Generation Divider

And once again I have to come up with some excuse why I’m laughing out loud at work. You guys crack me up.

Thank you, tomndebb, that was exactly what I needed. Neither of us really wins the argument though. He’s born in '76, and I’m in '75, so we were trying to nail down which generation we’re in. And those are the exact years that are vague.

Anyway, it was this kind of argument: “There’s no way I’m generation Y, but you must be!” so it’s not exactly important.

What generation are you if people always try to put you down?
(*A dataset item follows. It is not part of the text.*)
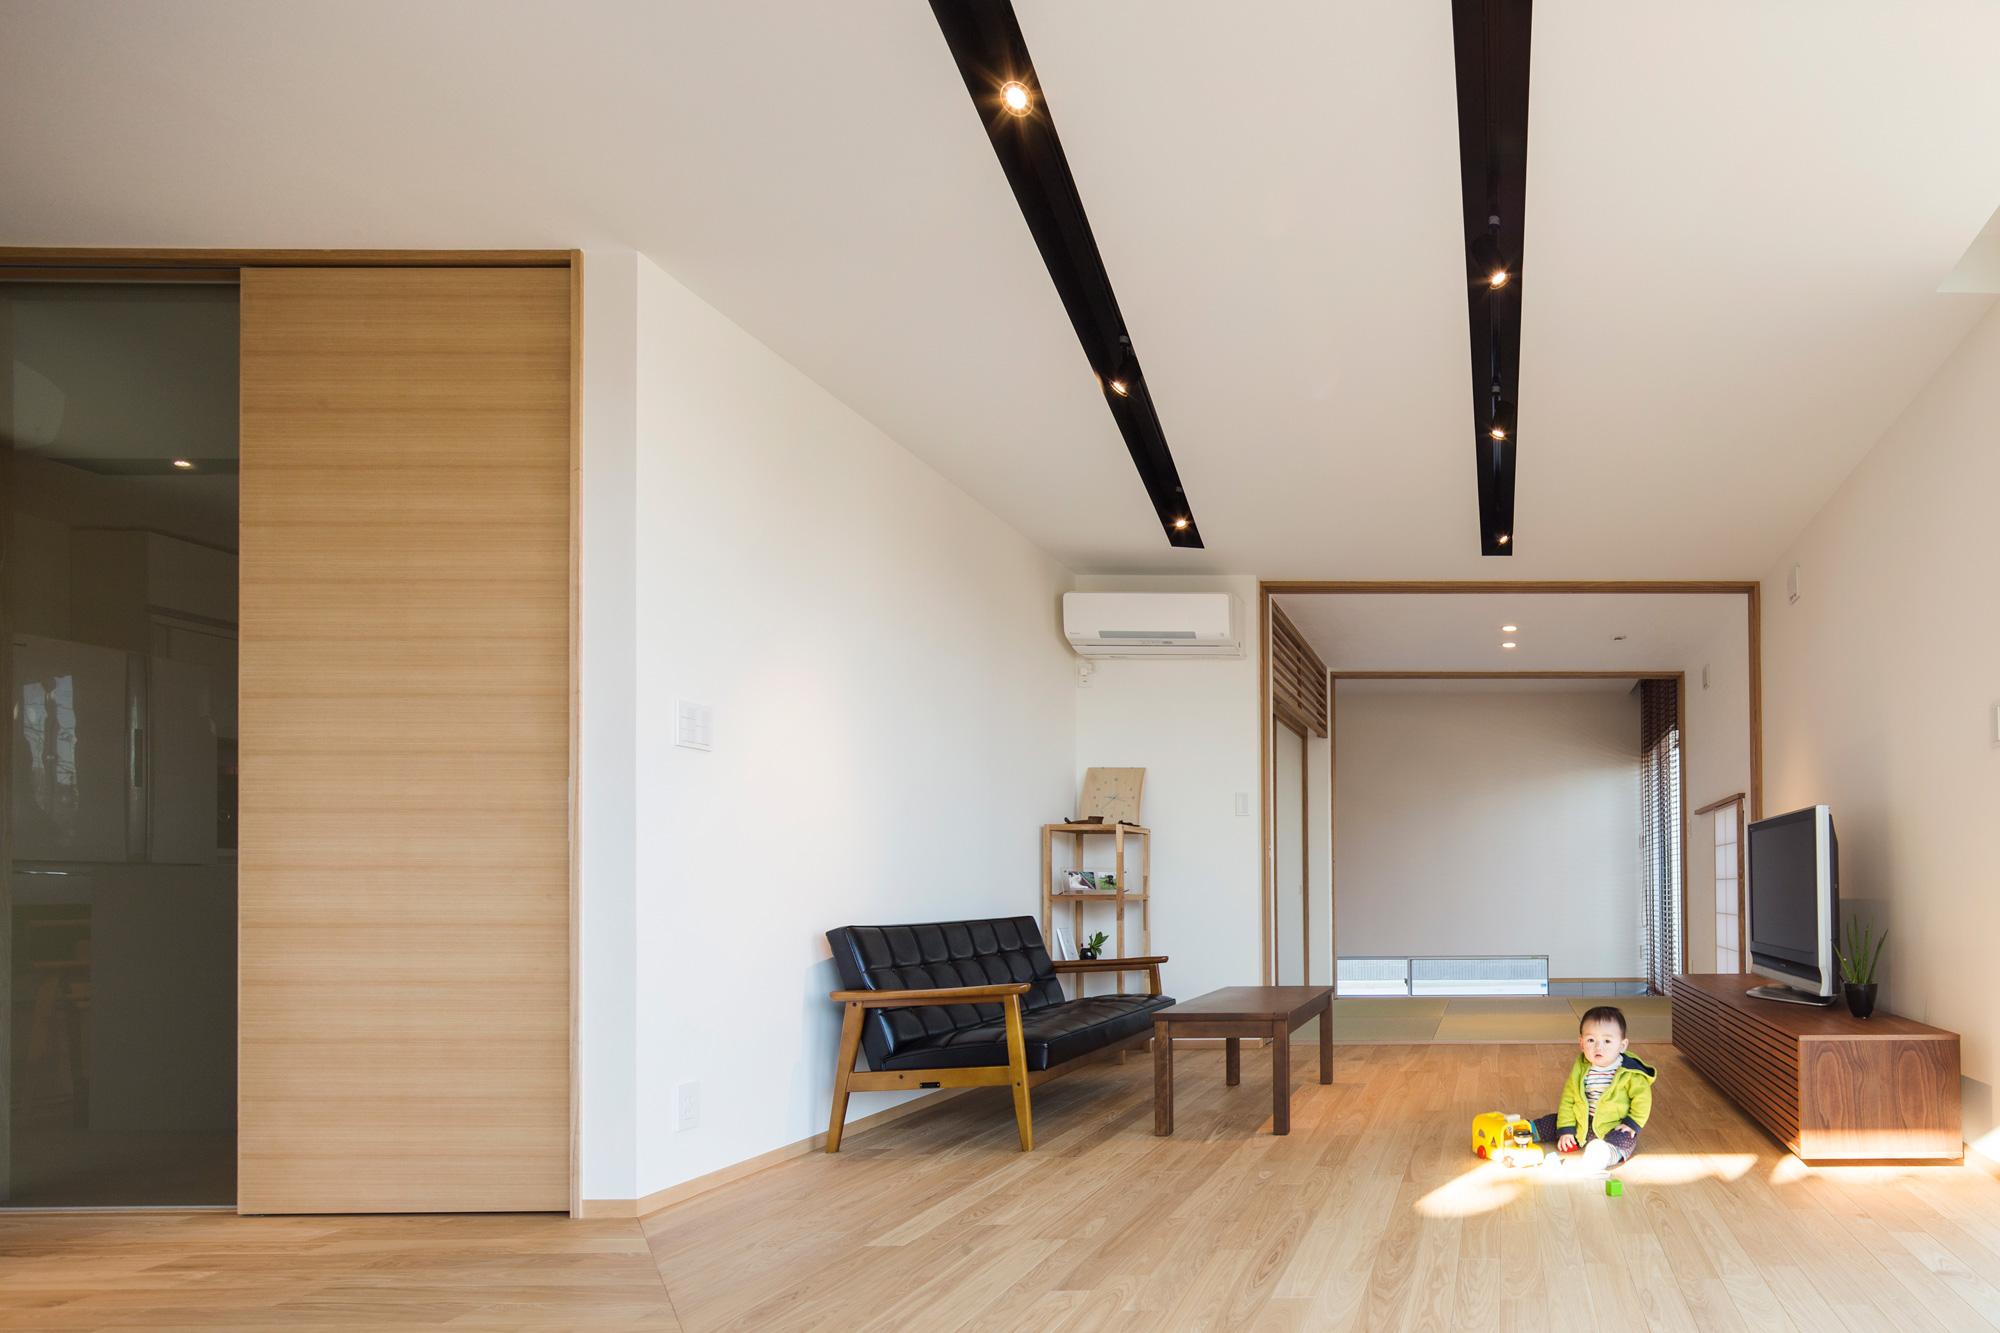 リビングダイニングから和室を見通す: 和室のさらに奥には土間があり、「回遊」できる空間となっています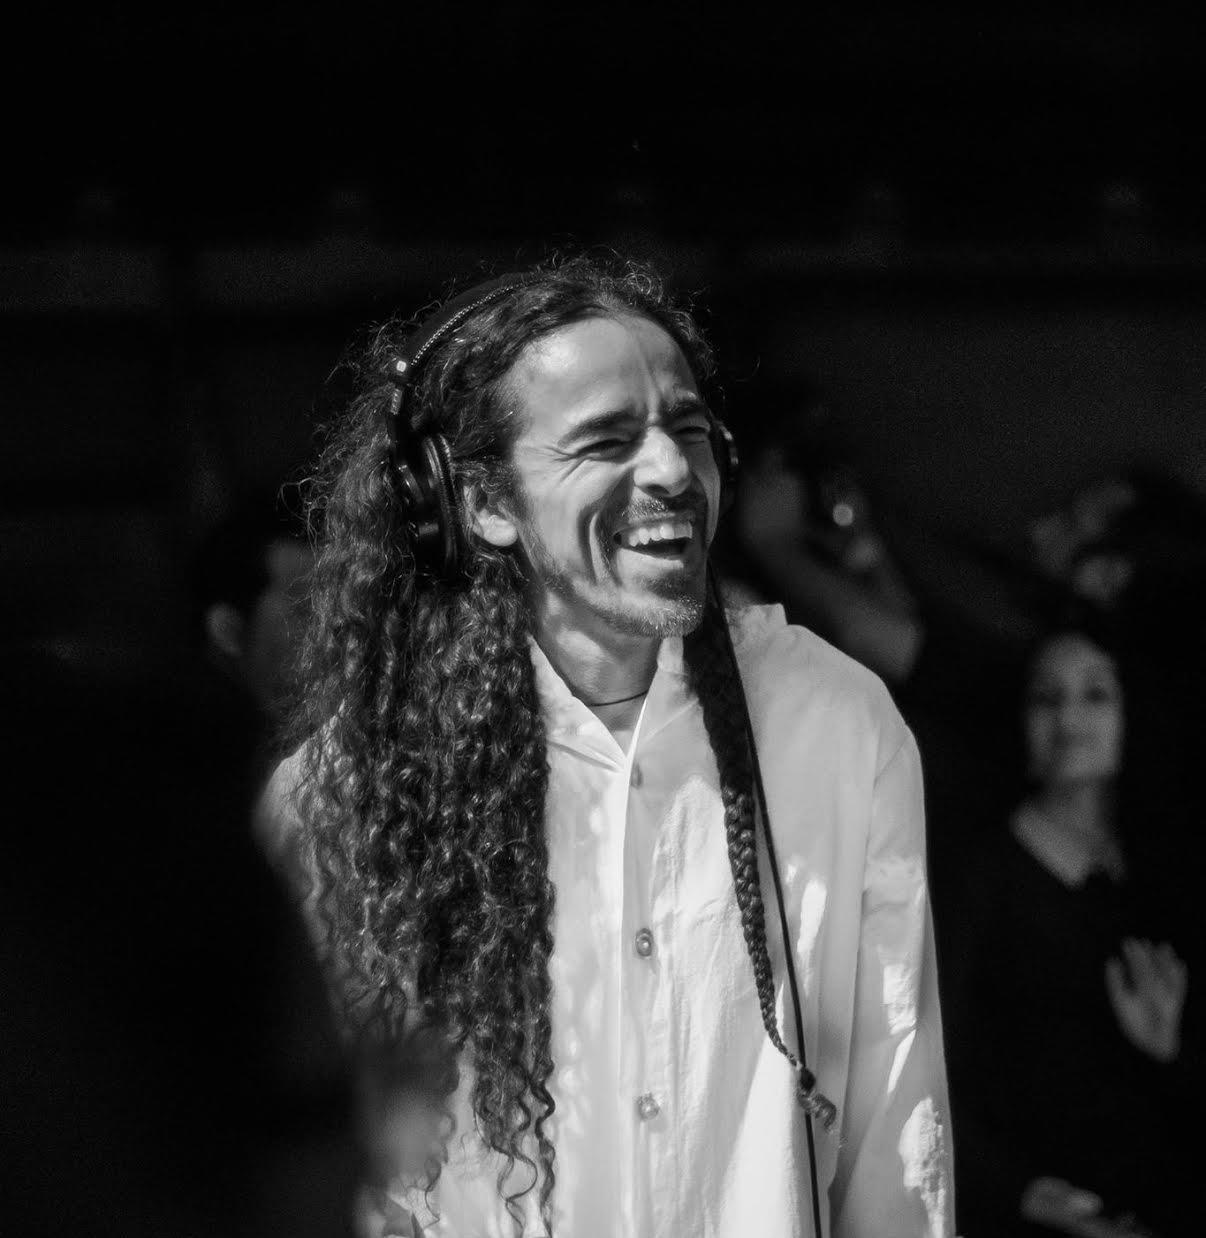 No DJ Set: An After Party with Rubén Albarrán (Café Tacvba)

Well, You’re talking 'bout my generation

Muh-muh-muh-muh…

Late teens? Seriously, I’ve heard that from every teenager of every generation I’ve been aware of (for the record, I’m a clueless, out-of-touch, putting-down 41 YO father of a 13 YO daughter). Being ‘put down’ is more a part of growing into adulthood and establishing who you are than it is part of a particular generation. I recall having the same feeling of being put down for who I was (or wasn’t in high school), and that was in the late 70s.

Relevant lyrics:

People try to put us d-down (talkin’ ’bout my generation)
People try to put us d-down (talkin’ ’bout my generation)
Just because we get around (talkin’ ’bout my generation)
Just because we get around (talkin’ ’bout my generation)
Things they do look awful c-c-cold (talkin’ ’bout my generation)
Things they do look awful c-c-cold (talkin’ ’bout my generation)
I hope I die before I get old (talkin’ ’bout my generation)
I hope I die before I get old (talkin’ ’bout my generation)

-The Who, My Generation, 1965

Vlad/Igor

I had a conversation about this with my mom and her friends recently. They all felt that the big dividing line between boomers and non-boomers was being old enough to be drafted into Vietnam - primarily for males of course, though girls were also strongly affected by this. This would make the line being born in 1954 or maybe in 1955, when my mother was born. She also grew up in small town where few boys got deferrments, so she knew several 19 or 20 year old boys who died there - and around the time she graduated high school was the time when all the social changes which had been going on elsewhere for several years had finally caught up to her hometown.

I never identified with generation x or y, or anything like that. That is simply a marketing term for me.

I was born in '83…I seem to recall the term “echo generation” being used for my generation. I guess that term fell out of vogue?